Platform certamente inusuale, in cui è impossibile distrarsi, fosse solo per un attimo - anche per via della difficoltà estremamente elevata - in Dynamite Headdy si ha sempre da imparare una nuova entusiasmante meccanica. In uno stage bisogna barcamenarsi fra piattaforme tridimensionali che si inclinano rispetto al centro lasciando scivolare il protagonista nel baratro, in un altro si rivestono i panni di un aeroplanino e il gioco si trasforma in uno stagionato shooter a scorrimento [Parodius è dietro l'angolo, per intenderci], in un altro ancora il margine inferiore del quadro "insegue" la protesi digitale, e ci si fa strada verso la cima del livello aggrappandosi agli appositi appigli di cui sono fornite le piattaforme e proiettandosi verso l'alto. Sul piano grafico e sonoro, i Treasure raggiunsero con questo titolo vette praticamente mai uguagliate sul 16 bit Sega, e forse solo il Sonic Team fu in grado di spremere l'hardware del Mega Drive fino a segnare simili traguardi tecnici.

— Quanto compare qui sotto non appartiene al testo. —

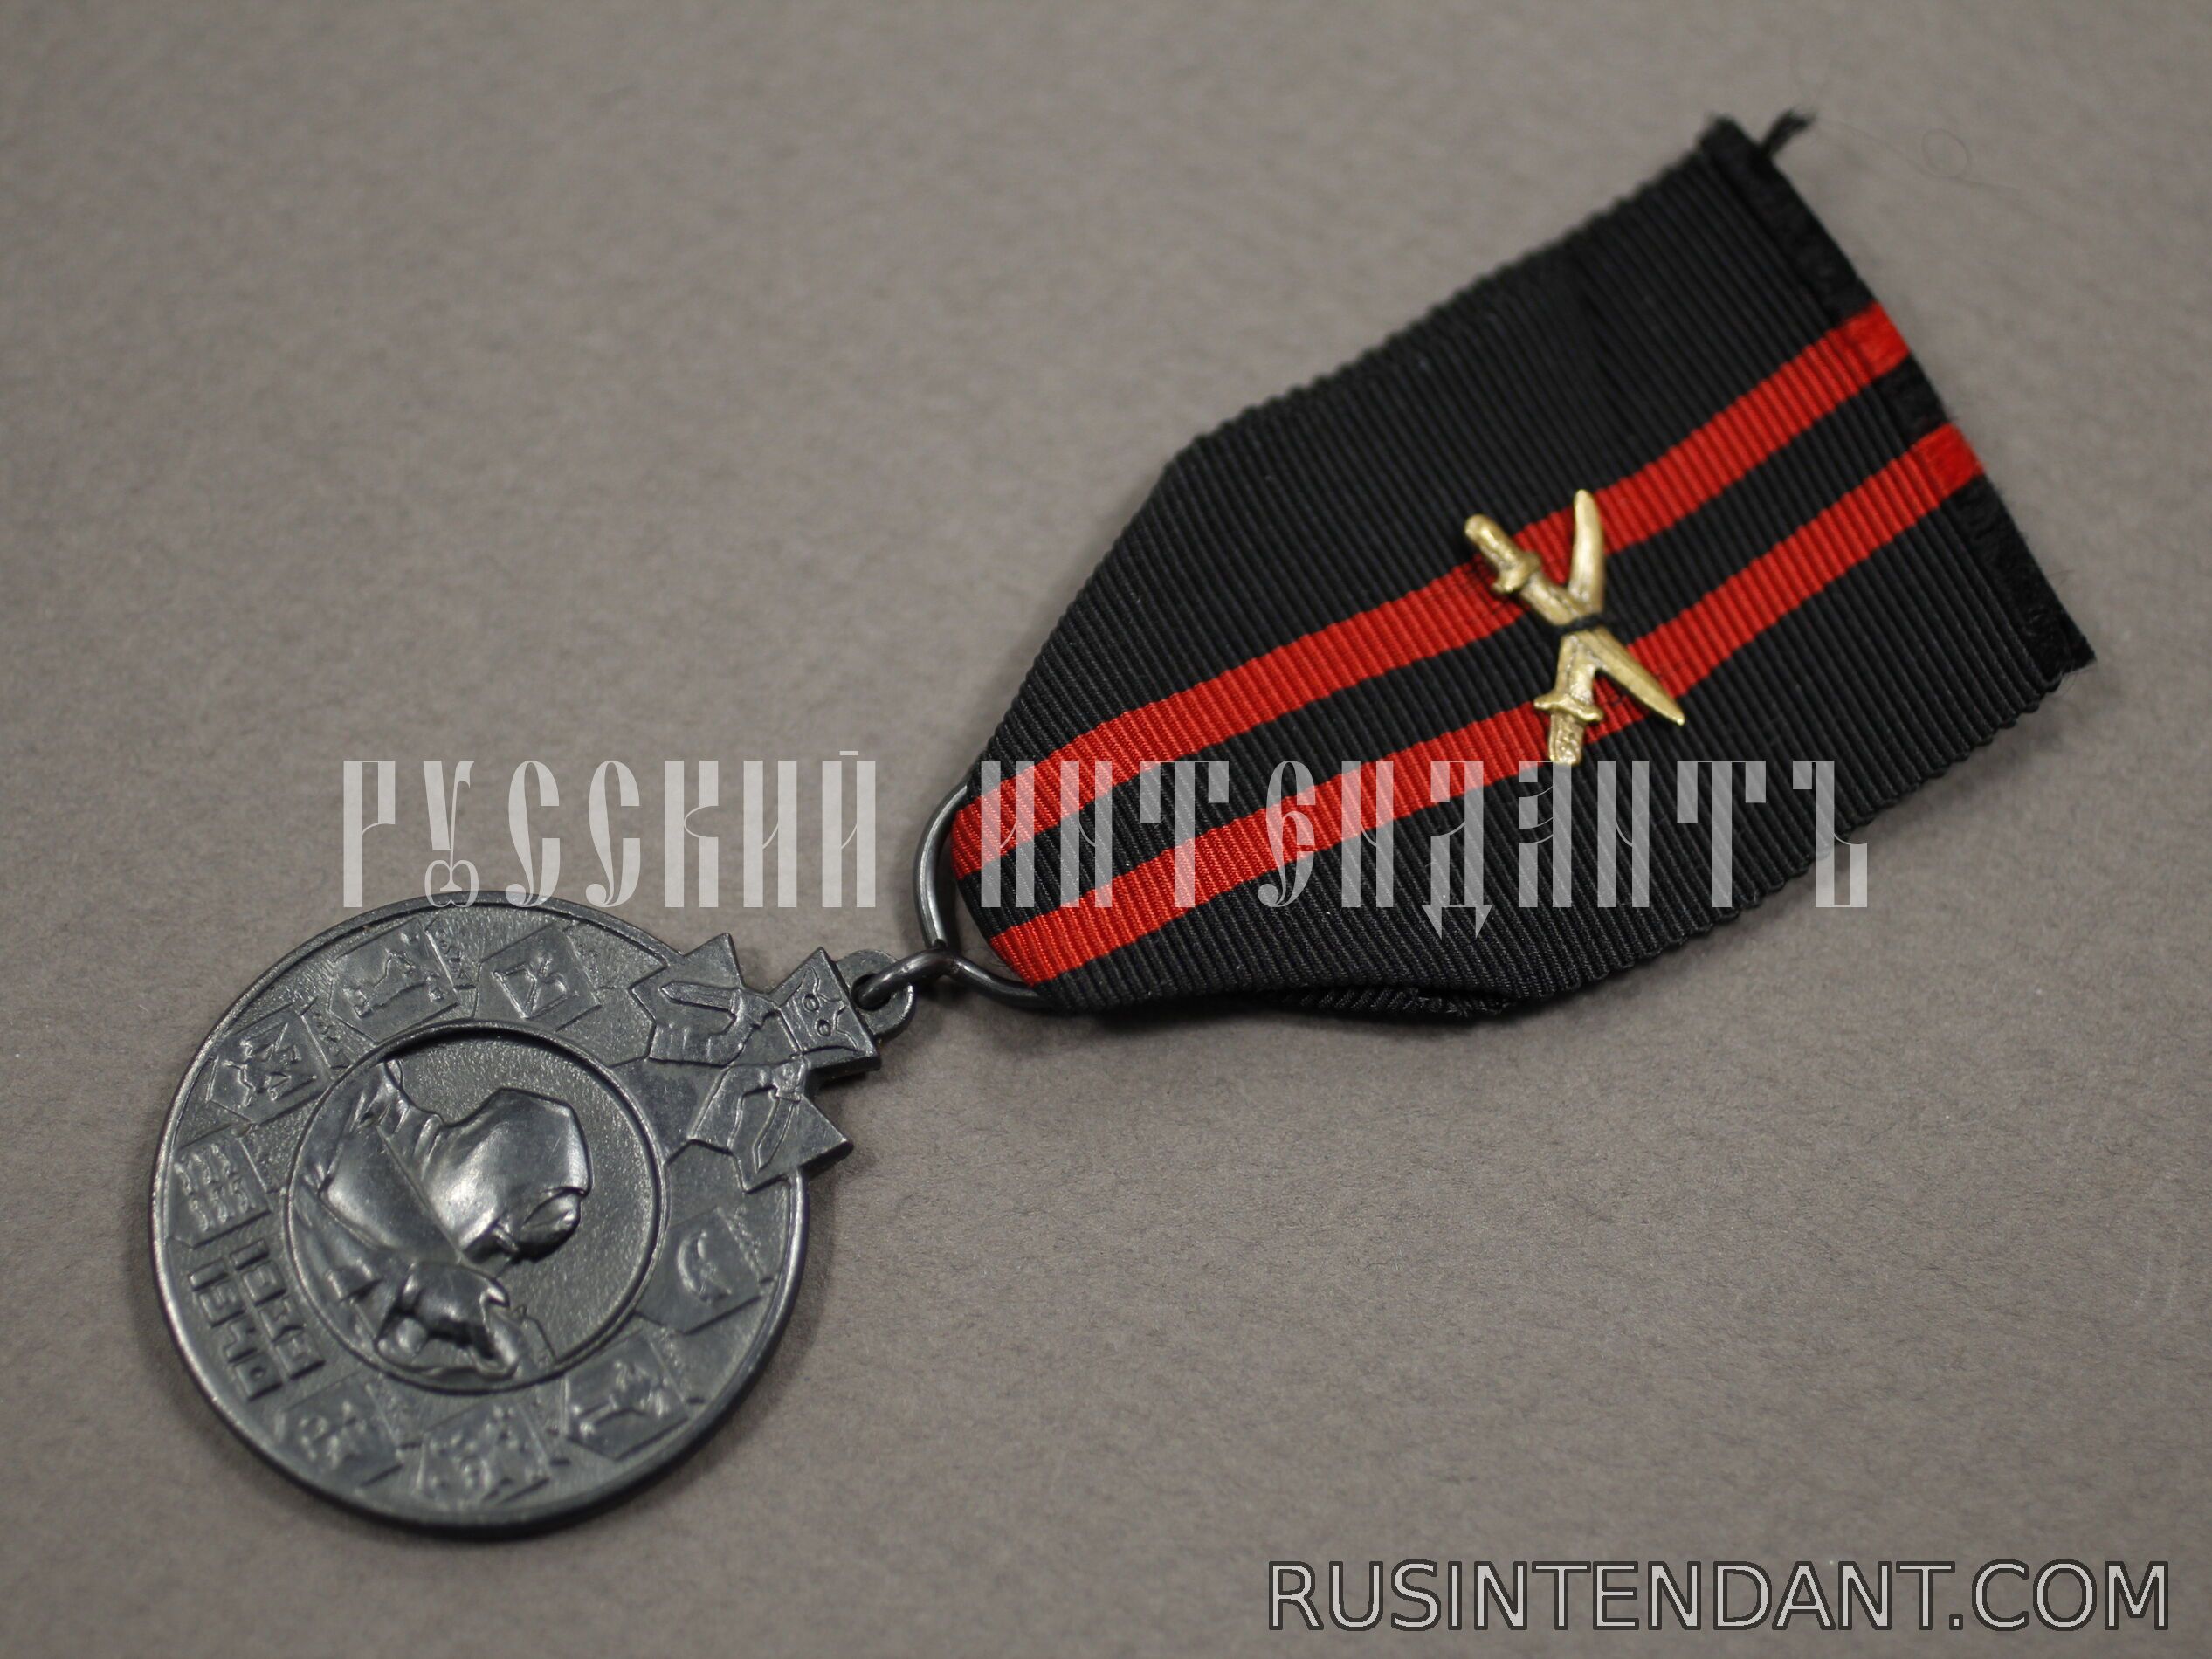 Фото 3: Медаль зимней войны 1939-1940

Sprite di dimensioni colossali, colorati divinamente, si muovono per lo schermo con grazia e fluidità fuori parametro. Non brillano in quanto a dettagli, anche per via dell'essenzialità del generale stile estetico impiegato, tuttavia i fondali fanno ugualmente la loro bella figura, grazie alla qualità dei colori e ai numerosi strati parallittici che li caratterizzano. Menzione d'onore per la straordinaria definizione degli effetti sonori, e per i campionamenti vocali, mai così chiari e puliti su questa console. La colonna sonora è fra le migliori concepite per un videogioco, una delle mie preferite in assoluto. Gli autori, Kazuo Hanzawa, Jun Irie, Hideki Matsutake, hanno compiuto un lavoro davvero lodevole, sotto il profilo tecnico così come sotto quello squisitamente compositivo. I pezzi sono di notevole complessità, denotano gusto e know-how, sfoggiano timbriche affascinanti, veicolano melodie irresistibili e ritmi trascinanti.


Seppur all'epoca della sua uscita non godette del giusto riconoscimento, specie da parte dell'utenza, Dynamite Headdy è nel suo genere - se di genere si può parlare - quanto di meglio la console Sega ha da offrire, ciò nella improbabile ipotesi si malsopportino le avventure del porcospino blu di Sega; rappresenta altresì un esponente di punta dell'intero genere platformico, ritagliandosi meritatamente un posto nella storia accanto ai più grandi classici del settore.


Download
from ZoneSega.com




Titolo: Alien Soldiers
Produttore: Sega
Sviluppatore: Treasure
Sistema: Mega Drive
Genere: Azione | Sparatutto
Anno: 1995








La forza di Alien Soldier risiede nel boss-fighting. Un titolo hardcore-gamer fin nel midollo, porta alle estreme conseguenze i presupposti stilistici e strutturali a cui i Treasure ci hanno abituato. Nel bene e nel male. Che sia un gioco senza compromessi, lo si evince fin dalla schermata delle opzioni, in cui gli unici livelli di difficoltà settabili sono Super Hard [impostato di default] e... Super Easy. Quest'ultimo, peraltro, di facile ha ben poco, risultando solo lievemente meno ostico dell'altro livello, e comunque rappresentando una sfida di prim'ordine. La storia parla di un pianeta, A-Earth, minacciato da un gruppo terroristico, capeggiato da un certo Xi-Tiger e costituito da alieni parassiti in grado di controllare le macchine. A sventare i piani del malvagio tiranno, stavolta spetta ad un'acquila robotica ed antropomorfa, Epsilon-Eagle, che peraltro è il precedente leader di quel gruppo di terroristi. Non c'è alcuno sforzo da parte degli sviluppatori per chiarire la trama - di per sé abbastanza intricata - che finisce per risultare a dir poco oscura. Soltanto un lungo e tedioso testo che scorre nella scheletrica intro e qualche scialba schermata testuale nel corso dell'avventura. L'importanza del frame narrativo, del resto, è pressoché nulla considerato il genere in questione, pertanto la mancanza di una sua adeguata esplicazione non si fa sentire.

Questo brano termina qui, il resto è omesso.